◆ Material provided ◆
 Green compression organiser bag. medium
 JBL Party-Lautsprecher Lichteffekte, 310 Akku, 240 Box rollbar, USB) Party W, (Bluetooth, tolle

...

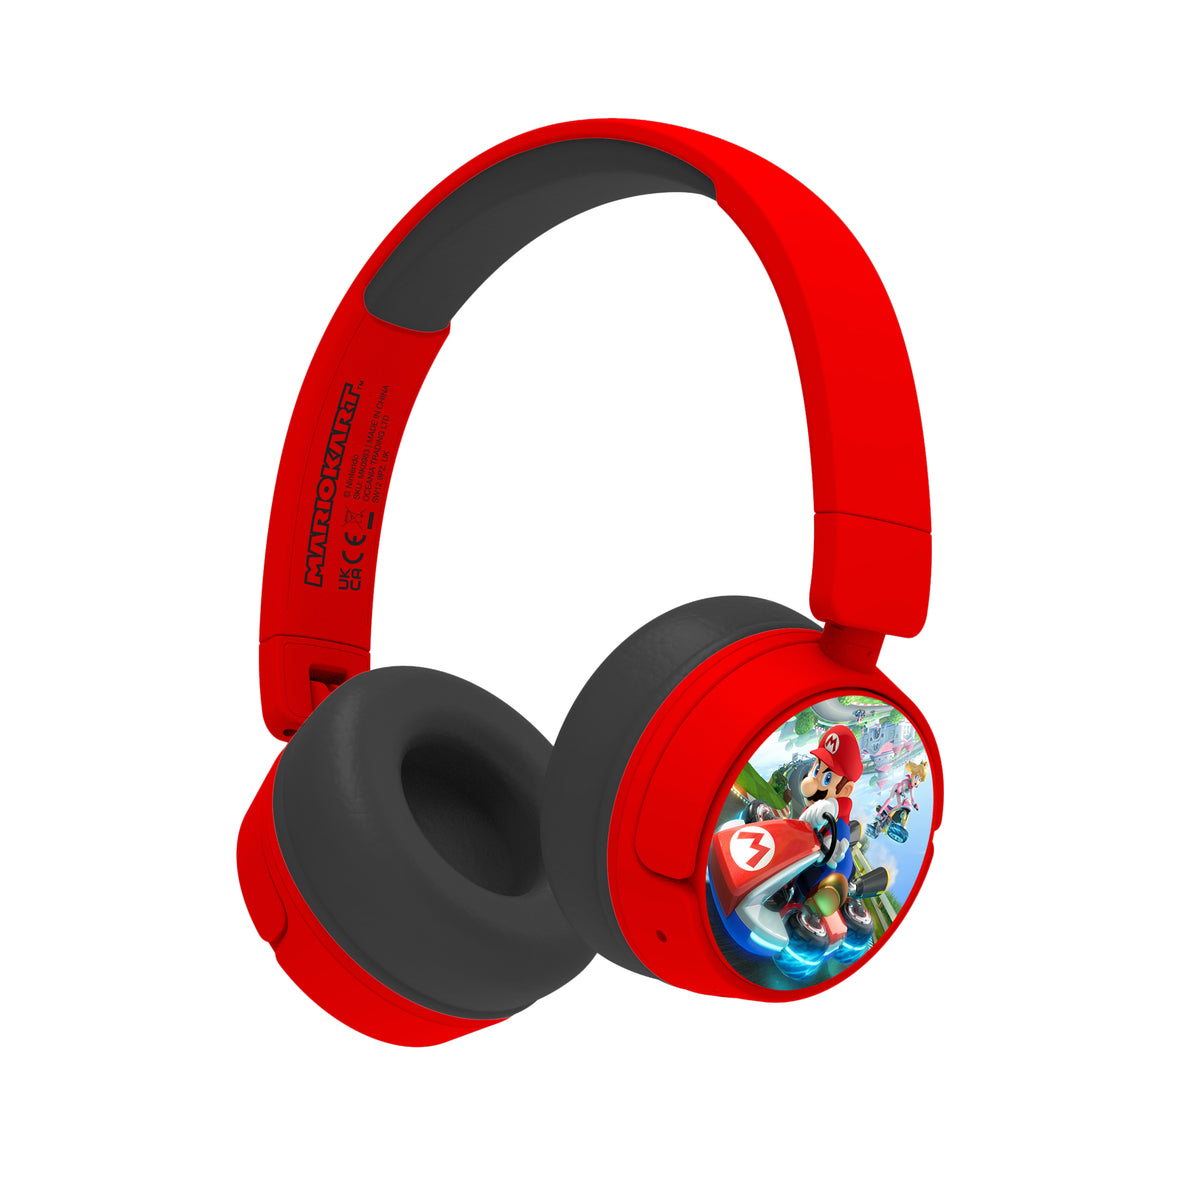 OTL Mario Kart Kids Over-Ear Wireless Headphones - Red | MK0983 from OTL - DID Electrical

◆ Exercise requirements ◆
Taking the entries above, write out exactly the lines starting with the line containing "Green compression organiser bag. medium" and going on through the line containing "JBL Party-Lautsprecher Lichteffekte, 310", both included, and nothing else.

◆ Answer section ◆
 Green compression organiser bag. medium
 JBL Party-Lautsprecher Lichteffekte, 310 Akku, 240 Box rollbar, USB) Party W, (Bluetooth, tolle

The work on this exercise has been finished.